Lansbury's team, led by research fellow Yichin Liu, decided to pursue UCH-L1 because occasional experiments with the enzyme did not seem to go as planned. Normally, strings of ubiquitin molecules are attached to proteins to signal which ones will get canned--chewed up into amino acids by the proteasome and recycled for later use. UCH-L1's function in humans is not known, but in vitro studies suggested it helps cut the ubiquitin strings from peptide products of the proteasome so they can be broken down into amino acids. But when the team added alpha-synuclein with ubiquitin strings attached to purified UCH-L1 in vitro, the reaction actually added further ubiquitins onto the protein rather than chopping them off.

Meanwhile, conflicting genetic evidence supported a dual personality for the protein. The original mutation that implicated UCH-L1 in Parkinson's was a point mutation shared by the siblings of one family. It was assumed that the mutation interfered with the enzyme's ability to cut ubiquitin, thereby allowing alpha-synuclein to pile up. Further searching, however, did not uncover more cases of this mutation--instead, a common polymorphism was discovered elsewhere in the gene. Studies of populations of Parkinson's patients vs. controls showed that this polymorphism was associated with decreased likelihood of acquiring Parkinson's.

Many scientists assumed that the polymorphic variant, called S18Y, was simply more efficient at cleaving ubiquitin, but Liu and her colleagues found this was not the case: both the variant and the wild type neuronal protein can remove ubiquitin in vitro equally well. Lansbury's team believes it has found an answer to this puzzle: UCH-L1 has the ability to both unravel ubiquitin strings and knit them together. It is this knitting action that S18Y lacks, an action that is potentially pathogenic.

Disease Links

By studying the behavior of the enzyme in nerve cells and in cell-free systems, the team found that the S18Y version of UCH-L1 had a reduced ability to link ubiquitin molecules together. To make an in vitro model of how the polymorphic variant might influence Parkinson's susceptibility, the team compared mixtures of UCH-L1 variants that would mimic possible human genotypes: all S18Y, half S18Y and half wild type, and all wild type. The ubiquitin-cleaving activity was constant, but the ability to create strings of ubiquitin increased with the proportion of wild type, tracking the increase in Parkinson's risk. "We believe that the polymorphism may be silent throughout life," but would appear under certain conditions like old age, Lansbury said.

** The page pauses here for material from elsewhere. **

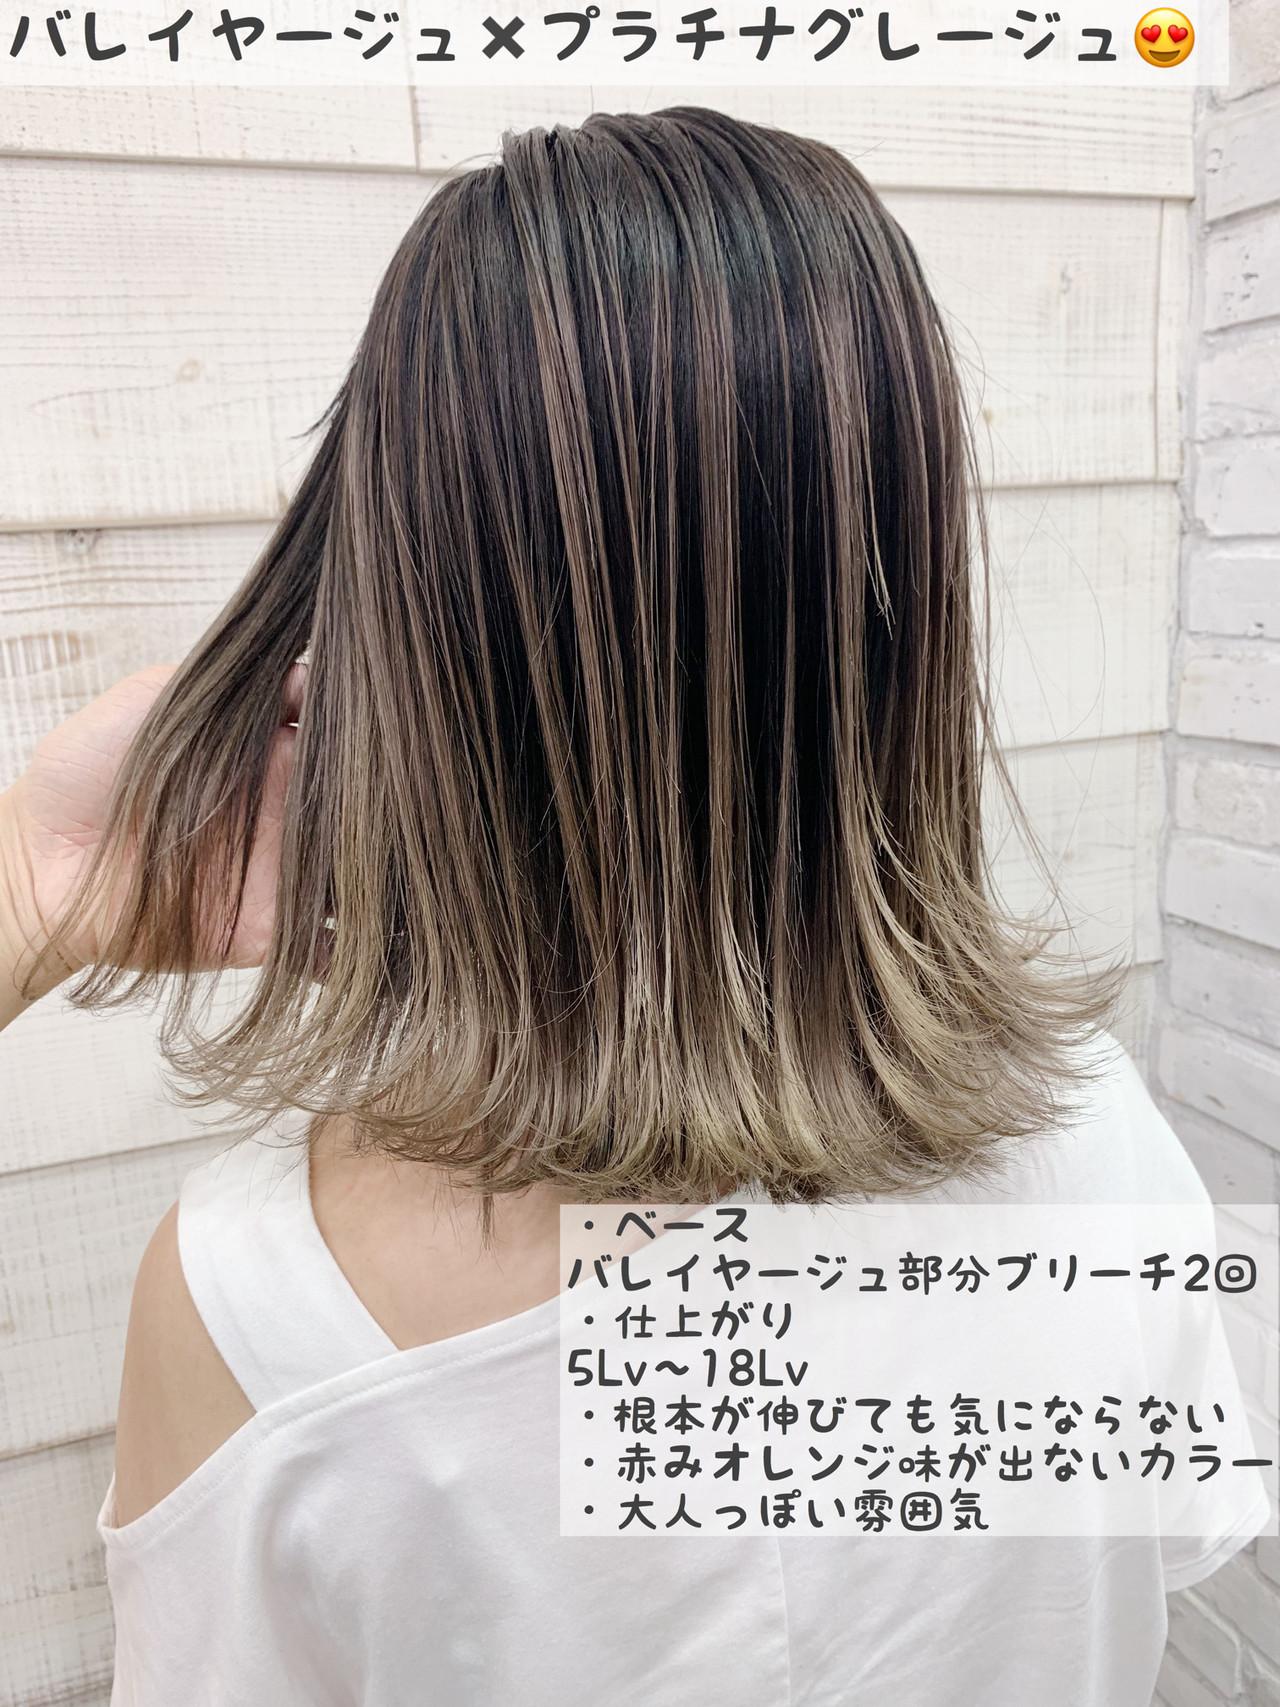 ミディアム グレージュ デート ブリーチ ヘアスタイルや髪型の写真・画像

At the same time, both the wild type form of the protein and the form with the disease-causing point mutation tend to stick together in pairs, but S18Y did not. The team believes that molecular pairing is the mechanism that allows UCH-L1 to form ubiquitin strings, essentially functioning as a switch from one activity to the other. What triggers this dimerization is still a mystery. Lansbury suspects that factors currently thought to cause protein aggregation in neurodegenerative disease might also have an effect here.

Ole Isacson, HMS professor of neurology at McLean Hospital, said that the study fits in with a growing recognition that the disturbances in the proteasome pathway contribute to protein aggregation in Parkinson's. "I think it fits with our data," he said, adding that even in cases of Parkinson's in which heredity does not come into play "we find that the proteasome is very compromised."

The behavior of the protein in vitro does not yet prove its in vivo role. "What we'd like to do is essentially knock out one of the activities," Lansbury said. The group is taking advantage of the drug discovery laboratory at the Harvard Center for Neurodegeneration and Repair and is beginning screens for small molecules that could disrupt one of the enzyme's functions while leaving the other intact. The case of this duplicitous enzyme illustrates the advantage of this more refined approach: a more traditional method--knocking out the gene in an animal model--would not allow study of both functions separately.